# [Dataset excerpt]
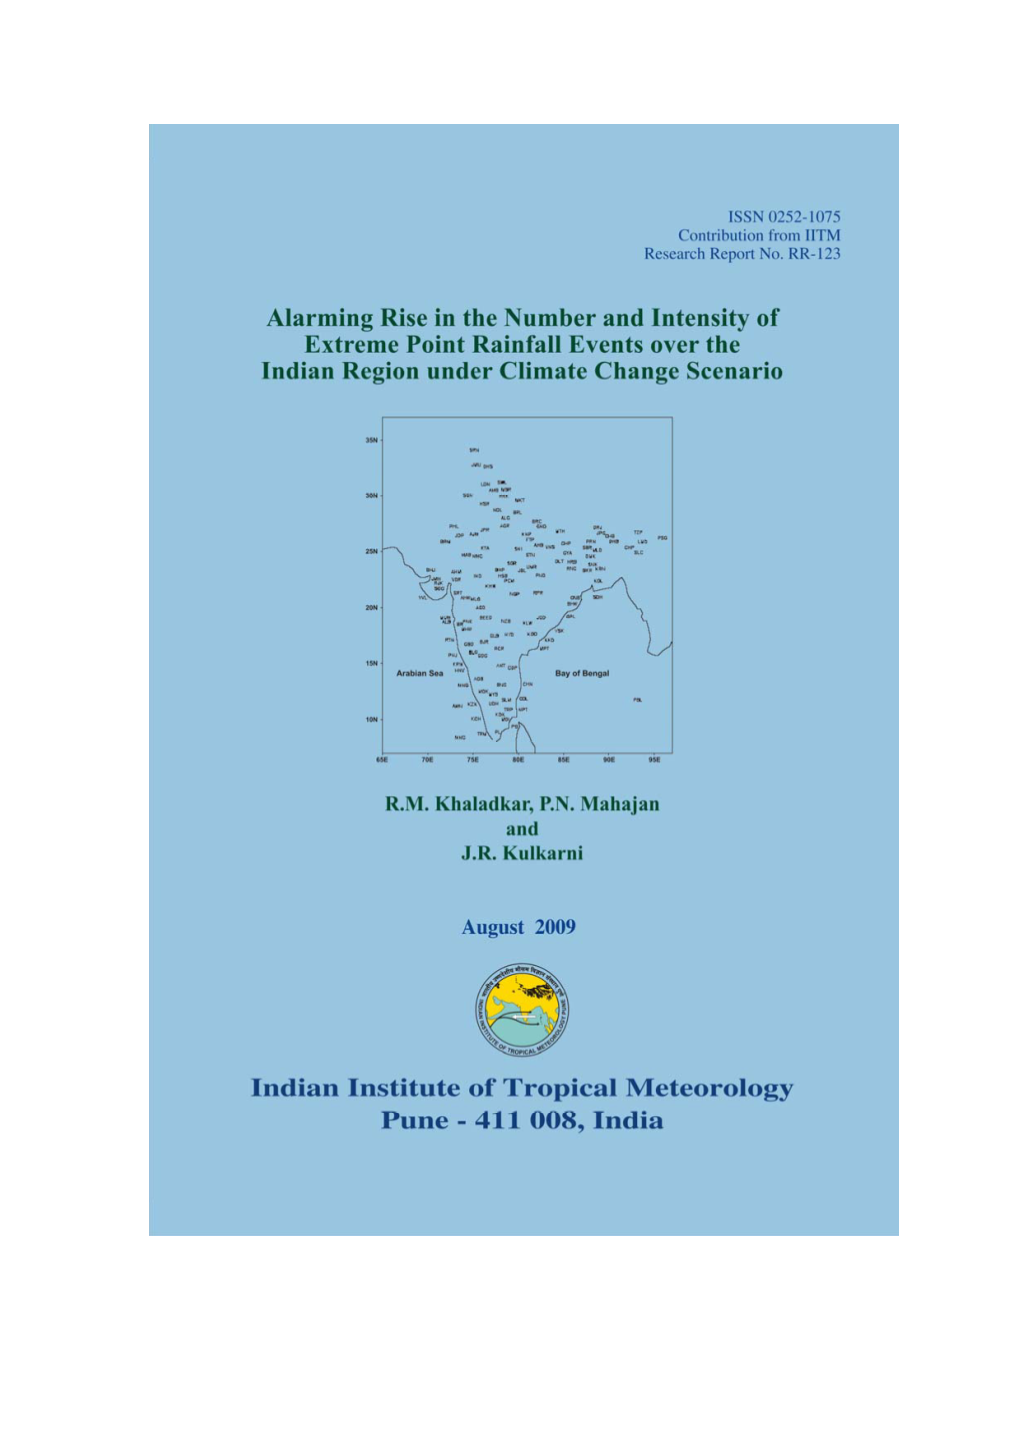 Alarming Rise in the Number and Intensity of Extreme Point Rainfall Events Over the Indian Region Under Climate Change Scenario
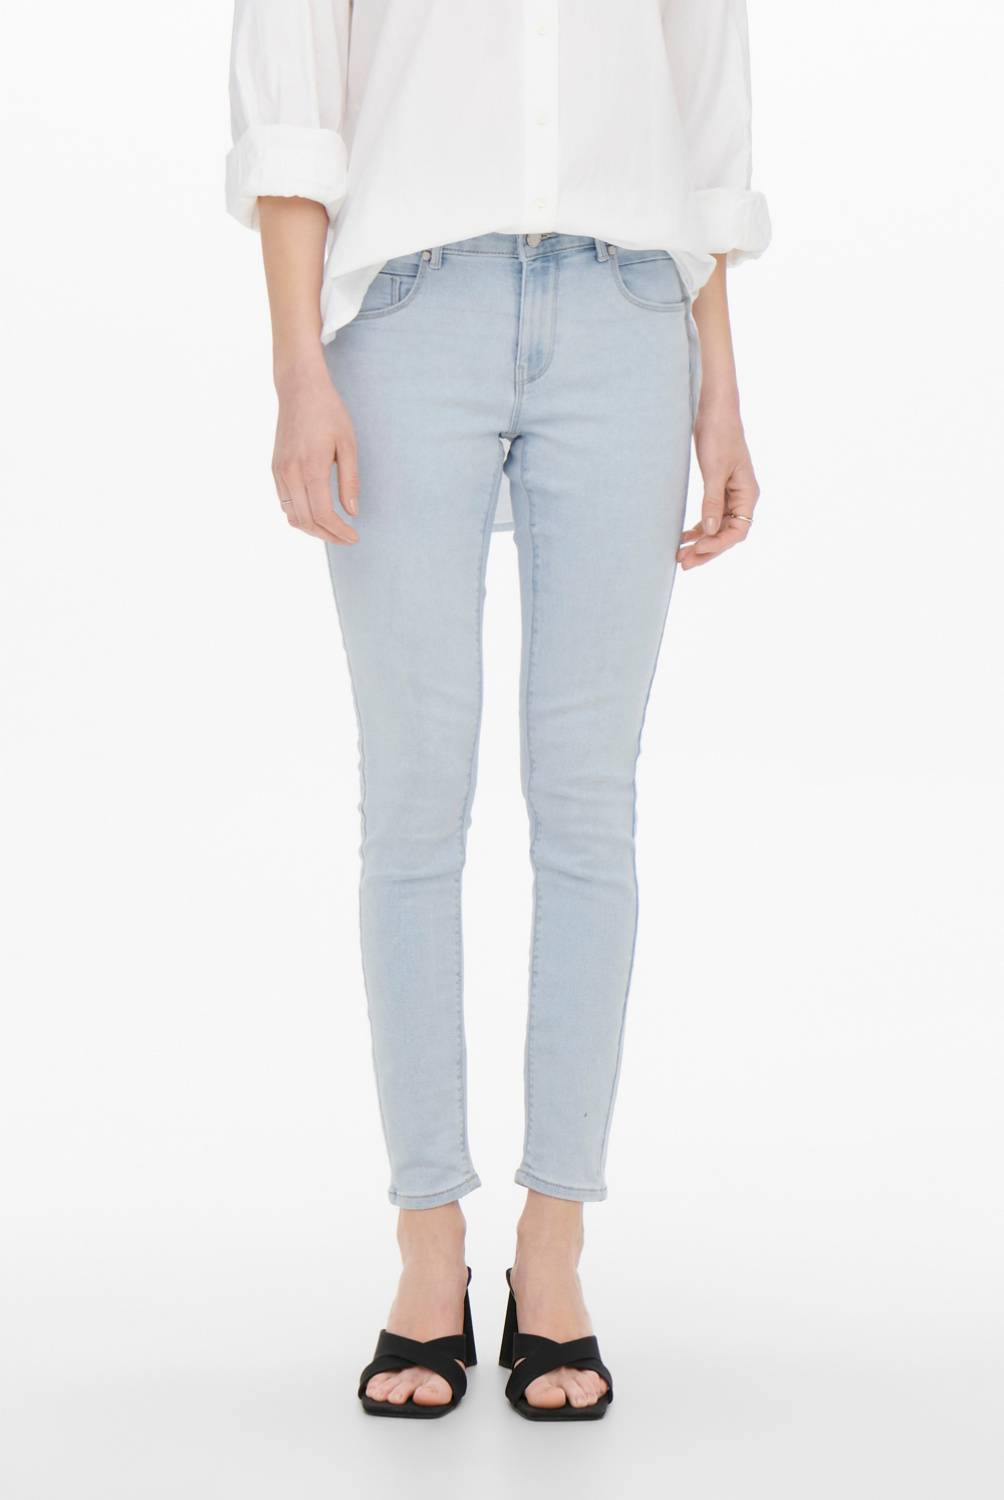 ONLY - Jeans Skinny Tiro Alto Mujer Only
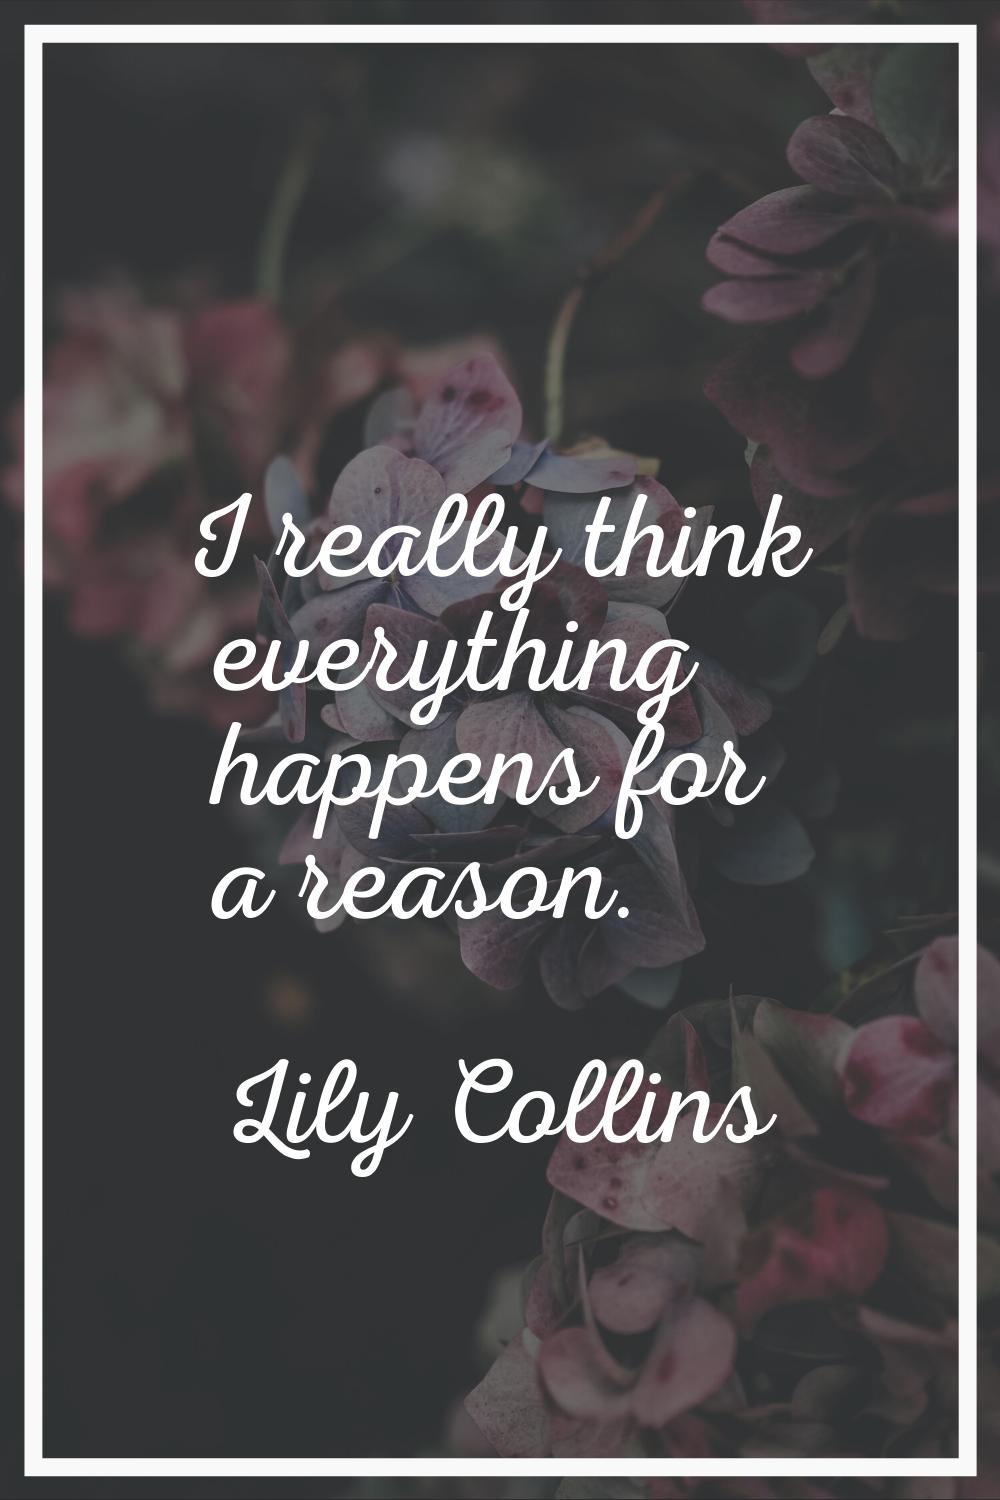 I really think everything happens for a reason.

# [What is needed]
Give back the whole listing exactly as written. Do not include any picture.

# [Response to this task]
 Alarming Rise in the Number and Intensity of Extreme Point Rainfall Events Over the Indian Region Under Climate Change Scenario
 ONLY - Jeans Skinny Tiro Alto Mujer Only
 I really think everything happens for a reason.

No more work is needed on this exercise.